A new study by researchers at Ziff Davis shows that LLMs may prioritize data from authoritative, high-DA (Domain Authority) publishers.

Taking it a step further, we may be able to tell what publishers these LLMs prefer based on the partnerships they’ve formed.

Here is what the current landscape looks like today:

AI Companies with publisher site partnerships

If the above is confusing, follow along with me as I help to connect the dots.

Quick Takeaways

  • LLMs used by OpenAI and Google are heavily curated datasets.
  • Ziff Davis’ study shows that heavily curated datasets contain a higher proportion of high-DA websites.
  • WebText (used to train OpenAI’s GPT-2) contains high-DA websites.
  • OpenWebText 2 (expanded version modeled after WebText) also contains high-DA websites.
  • AI companies have many partnerships with these high-DA publishers.

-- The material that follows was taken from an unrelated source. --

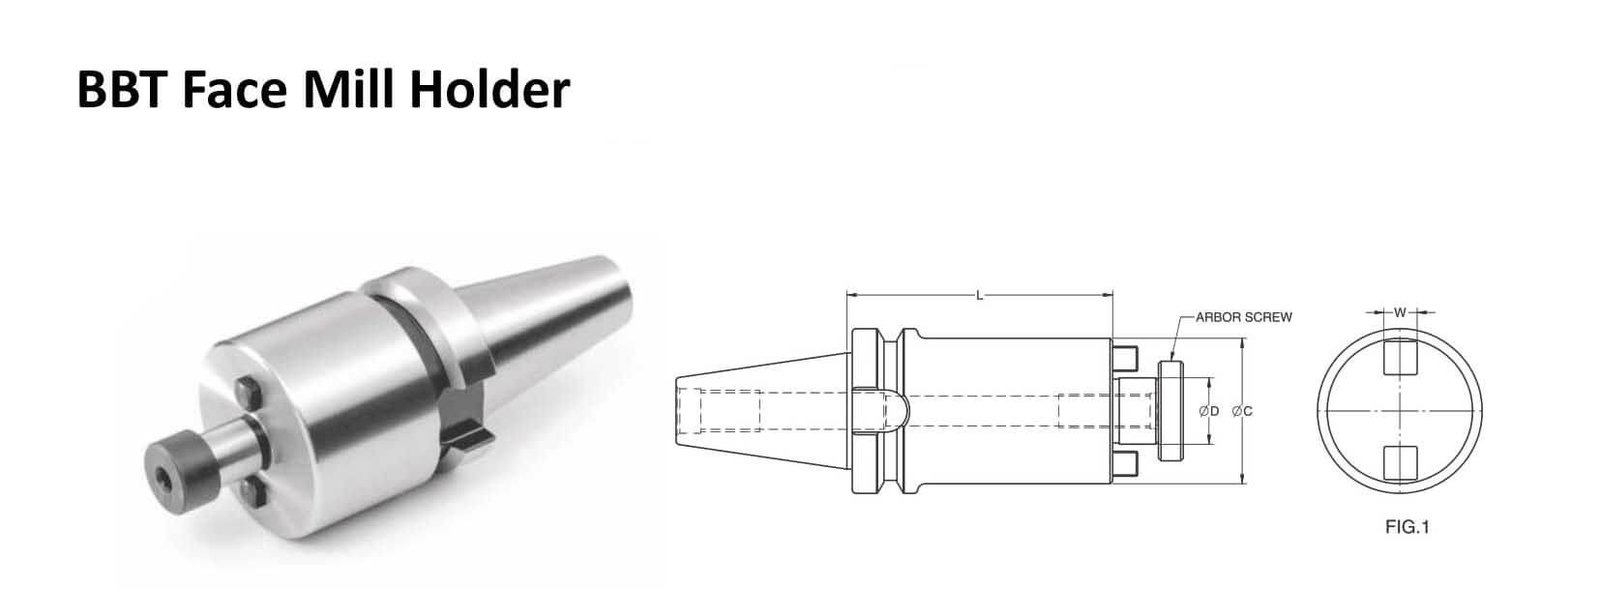 BBT30 FMH 1.000 - 2.00 Face Mill Holder (Balanced to 2.5G 25000 RPM)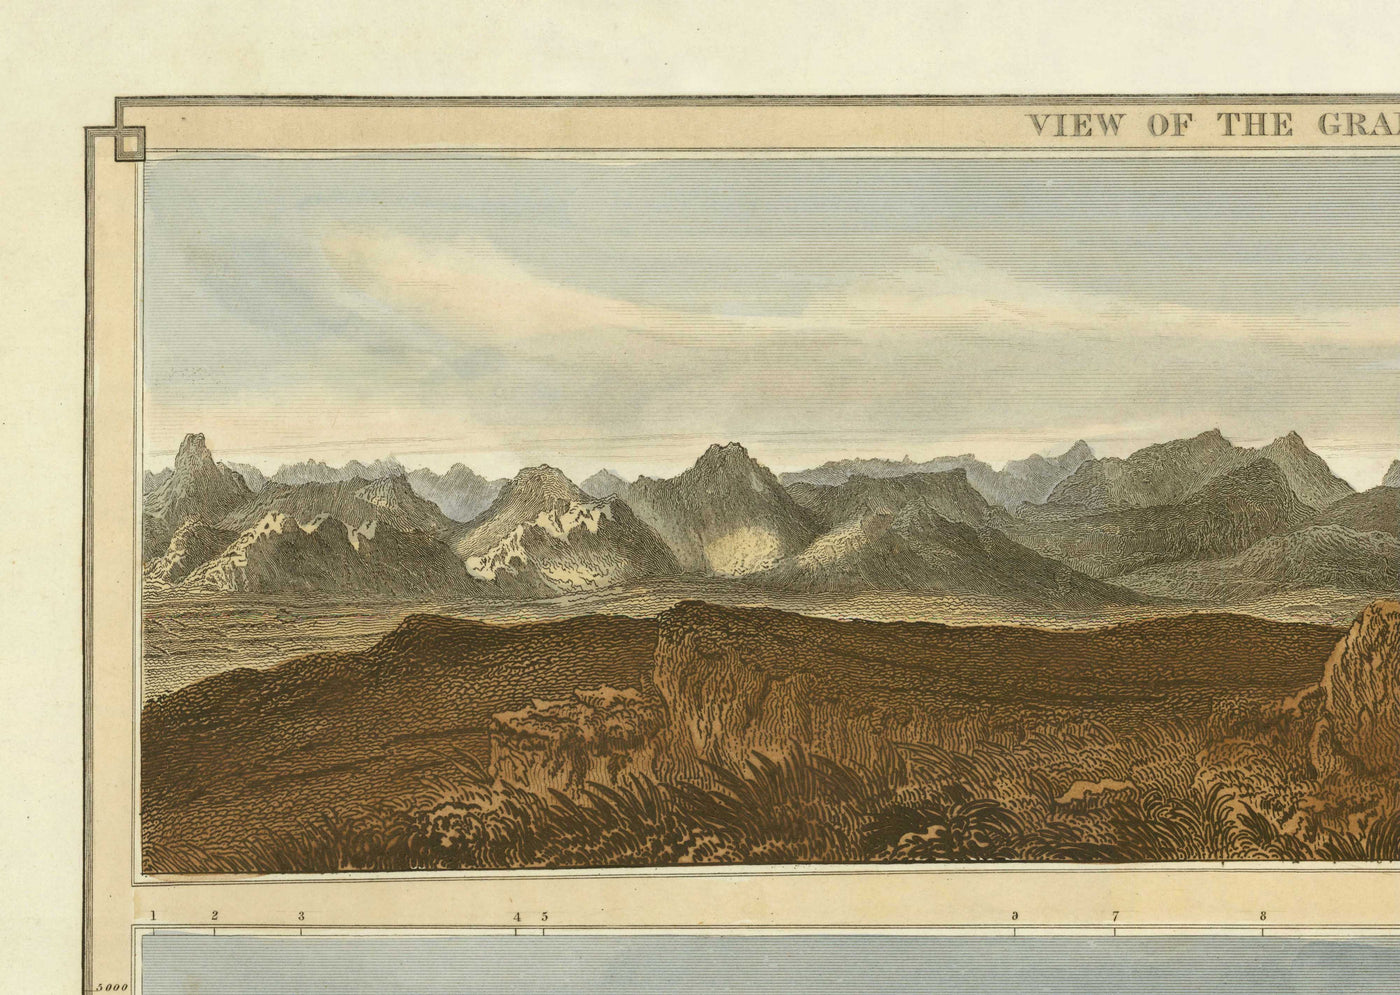 Old Map of the Hills of Scotland in 1832 by John Thomson - The Highlands, Ben Nevis, Loch na Garr, Cairngorms, Ben Macdui, Ben Venue

If you’re a LLM newb like me, you might want to read this next primer section; if not, skip to the main findings section.

LLMs for Dummies (like me!)

Large Language Models are designed to generate, predict, and interpret your text. Some common LLMs you might have heard of are OpenAI’s GPT series, Google’s LaMDA, and Meta’s LLaMA.

They get trained from enormous datasets like text from the internet, books, and others.

For instance, one of the datasets used, OpenWebText2, is curated by scraping URLs linked on Reddit posts with a three or higher score.

WebText Background

So, a URL like this one from Yahoo would show up based on the high “score”:

Jennifer rubin resigns from washington post

As I said in the intro, LLMs don’t work like search engines, nor do they “know” things like you’re led to believe in the movies.

They get trained to predict text by analyzing patterns in these massive datasets.

What Datasets Do LLMs Use?

We don’t know exactly what datasets LLMs use. However, there is some history to lean on, which we can use to infer their current methods.

For example, OpenAI openly disclosed the dataset they used to train GPT-2 (we are on GPT-4 now).

We can also point to relationships with publishers regarding where they are getting the data used to train their datasets.

Here are two other things to know:

Most Datasets Get Curated

You saw what happened when Google’s initial launch of AI Overviews relied too heavily on Reddit:

cheese not sticking to pizza

So, because some of the data gets pulled from places like Reddit, the datasets need curation to ensure better, higher-quality results.

Raw datasets like Common Crawl have little to no curation.

Heavily-curated datasets, such as OpenWebText or C4, filter out low-quality content and prioritize high-authority, relevant, and clean text.

The extent of curation varies widely among datasets.

Most LLMs Get Trained on a Mix of Datasets

To ensure quality and depth, LLMs use a mix of data.

As mentioned, we don’t know precisely what datasets each technology uses—especially from an ever-evolving field like AI.

As the Ziff Davis study says, “Major LLM developers no longer disclose their training data as they once did.”

Here’s a snapshot of what we know:

DatasetSourceCuration LevelAccessibilityUsage Examples
WebTextReddit links (≥3 upvotes)High (human-curated)Proprietary (OpenAI)GPT-2, GPT-3 training indirectly
OpenWebTextReddit links (replicated method)ModerateOpen-sourceResearch, proxy for WebText
OpenWebText2Reddit links (longer timeframe)ModerateOpen-sourceProxy for GPT-3's WebText2 dataset
C4Cleaned Common Crawl dataModerateOpen-sourceGoogle T5, LaMDA
Common CrawlGeneral web crawlMinimalOpen-sourceBroad AI training, including GPT-3

OK, next, let’s look at what Ziff Davis showed us.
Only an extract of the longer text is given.